* **WHAT THIS TASK INVOLVES**
For this exercise, reproduce the entries below exactly, but only from the line containing "Ground beef in" through the line containing "Custom Modernist KNOLL", both included.

Collected data:
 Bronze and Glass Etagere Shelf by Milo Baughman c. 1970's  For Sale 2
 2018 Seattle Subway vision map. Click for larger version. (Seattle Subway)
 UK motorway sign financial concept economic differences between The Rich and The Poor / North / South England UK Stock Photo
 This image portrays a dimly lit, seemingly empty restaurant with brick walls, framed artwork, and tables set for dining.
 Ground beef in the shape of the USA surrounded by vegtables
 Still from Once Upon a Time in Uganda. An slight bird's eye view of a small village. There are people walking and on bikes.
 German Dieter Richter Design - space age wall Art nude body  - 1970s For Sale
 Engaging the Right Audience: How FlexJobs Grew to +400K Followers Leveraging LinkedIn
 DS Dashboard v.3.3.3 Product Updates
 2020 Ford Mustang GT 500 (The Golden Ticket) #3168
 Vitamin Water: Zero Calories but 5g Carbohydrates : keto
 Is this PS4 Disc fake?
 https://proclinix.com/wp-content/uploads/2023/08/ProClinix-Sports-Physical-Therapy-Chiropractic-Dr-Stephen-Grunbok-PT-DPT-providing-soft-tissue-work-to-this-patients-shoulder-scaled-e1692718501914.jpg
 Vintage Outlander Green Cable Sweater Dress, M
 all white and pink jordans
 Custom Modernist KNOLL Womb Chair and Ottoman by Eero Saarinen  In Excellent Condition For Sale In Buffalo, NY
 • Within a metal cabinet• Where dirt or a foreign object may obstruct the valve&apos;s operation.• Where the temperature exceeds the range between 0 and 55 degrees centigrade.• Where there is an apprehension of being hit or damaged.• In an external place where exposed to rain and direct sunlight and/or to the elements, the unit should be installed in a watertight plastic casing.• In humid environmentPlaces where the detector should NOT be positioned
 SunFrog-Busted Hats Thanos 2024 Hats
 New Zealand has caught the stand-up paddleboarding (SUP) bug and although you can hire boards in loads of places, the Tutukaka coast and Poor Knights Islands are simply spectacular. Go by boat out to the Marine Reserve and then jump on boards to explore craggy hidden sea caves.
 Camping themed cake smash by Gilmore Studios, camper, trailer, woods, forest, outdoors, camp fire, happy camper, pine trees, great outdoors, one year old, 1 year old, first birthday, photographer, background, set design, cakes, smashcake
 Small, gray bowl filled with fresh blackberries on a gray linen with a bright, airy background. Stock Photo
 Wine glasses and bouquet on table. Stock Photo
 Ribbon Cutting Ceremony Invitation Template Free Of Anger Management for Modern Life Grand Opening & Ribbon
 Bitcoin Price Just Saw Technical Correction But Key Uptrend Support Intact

* **EXERCISE RESULT**
 Ground beef in the shape of the USA surrounded by vegtables
 Still from Once Upon a Time in Uganda. An slight bird's eye view of a small village. There are people walking and on bikes.
 German Dieter Richter Design - space age wall Art nude body  - 1970s For Sale
 Engaging the Right Audience: How FlexJobs Grew to +400K Followers Leveraging LinkedIn
 DS Dashboard v.3.3.3 Product Updates
 2020 Ford Mustang GT 500 (The Golden Ticket) #3168
 Vitamin Water: Zero Calories but 5g Carbohydrates : keto
 Is this PS4 Disc fake?
 https://proclinix.com/wp-content/uploads/2023/08/ProClinix-Sports-Physical-Therapy-Chiropractic-Dr-Stephen-Grunbok-PT-DPT-providing-soft-tissue-work-to-this-patients-shoulder-scaled-e1692718501914.jpg
 Vintage Outlander Green Cable Sweater Dress, M
 all white and pink jordans
 Custom Modernist KNOLL Womb Chair and Ottoman by Eero Saarinen  In Excellent Condition For Sale In Buffalo, NY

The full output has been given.